Ну а главный герой романа Олега Радзинского «Агафонкин и Время» и вовсе свободно перемещается в разные времена: служит себе Курьером, доставляя и забирая Объекты из разных эпох, не особо задумываясь над смыслом этих занятий. Однажды его служба идет под откос: Агафонкин теряет очередной Объект – детскую юлу; все тут же страшно запутывается и становится с ног на голову: санитар Дома ветеранов перемещается во времена Чингисхана, Гог и Магог ведут армию гастарбайтеров на Кремль, Президент страны желает отменить лихие 90-е, но застревает в прошлом... Между прочим, путешествует Агафонкин и в 60-е годы, передавая послания школьнику Володе Путину – и это тоже играет определенную роль в повествовании.

Наконец, «Теллурия» Владимира Сорокина, представляющая собой «энциклопедию нового Средневековья», заканчивается бегством из этого мира: «Как рассвело, проснулся, солнышку поклонился, салом с хлебом закусил, завелся. Проехал тридцать четыре версты по лесу на двух мешках. <…> И встал на нужном месте. Хорошее оно, как нарочно: поляна впереди, дубы-березы в обстоянии, ельник недалеча, прогалки. Слез с самохода, огляделся. Место хорошее. Походил, подумал да и решил. Поклонился солнышку: спасибо тебе, Ярило, что согрело-взрастило для меня место сие. Здесь и обустроимсь. <…> Нам лишнего не надобно, ни баб, ни кина, ни пузырей, ни пирамидок, ни гвоздей, ни войны, ни денег, ни начальства вашего. Так и доживу свой век. Дом есть, крыша не текет, пожрать есть что. <…> Пререкайся токмо с птицами лесными. Что еще человеку надо?».

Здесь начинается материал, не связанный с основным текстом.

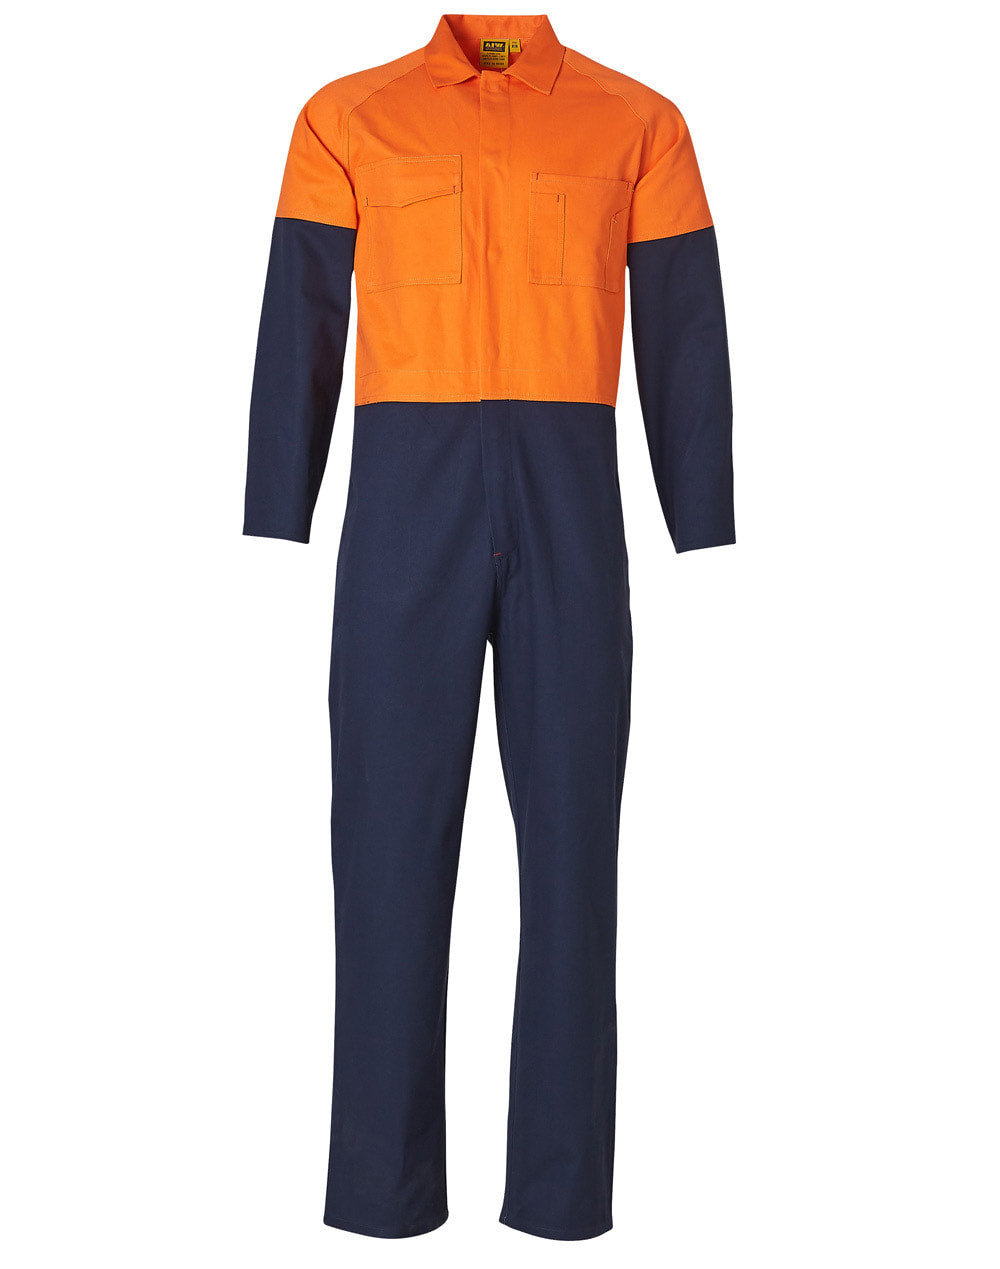 AIW SW205 MEN'S TWO TONE COVERALL Stout Size

Перед нами вариации одного метасюжета. Определим его основные черты.


II

Какой мотив навязчиво повторяется в перечисленных примерах? Бегство, побег, в самом общем виде – попытка выйти за некие заранее очерченные кем-то пределы. Герои бегут откуда-то (из Соловков, из галлюцинаторного мира Теллурии, из невыносимой «олимпийской столицы», из реальности цукербринов) или куда-то (в тайгу, как герои Ремизова; в параллельное измерение, как герои Агафонкина; в 41-й год, как герои Кунгурцевой); они, наконец, перемещаются вовсе помимо воли – конечный пункт путешествия может оказаться спасением (как для героини Яхиной) или же обернуться новой, уже неуправляемой бедой (как для героев Сенчина) [8]. Непосредственным участником такого сюжета оказываются некие властные силы – социальные (советская власть у Прилепина и Яхиной, власть нынешняя у Ремизова, Сенчина и Кунгурцевой, общество будущего у Сорокина) или сверхъестественные (пелевинские цукербрины, власть Хроноса у Радзинского). Важной (хотя и факультативной) составляющей сюжета является встреча путешественников-беглецов с неведомым (Быков, Кунгуцева, Радзинский).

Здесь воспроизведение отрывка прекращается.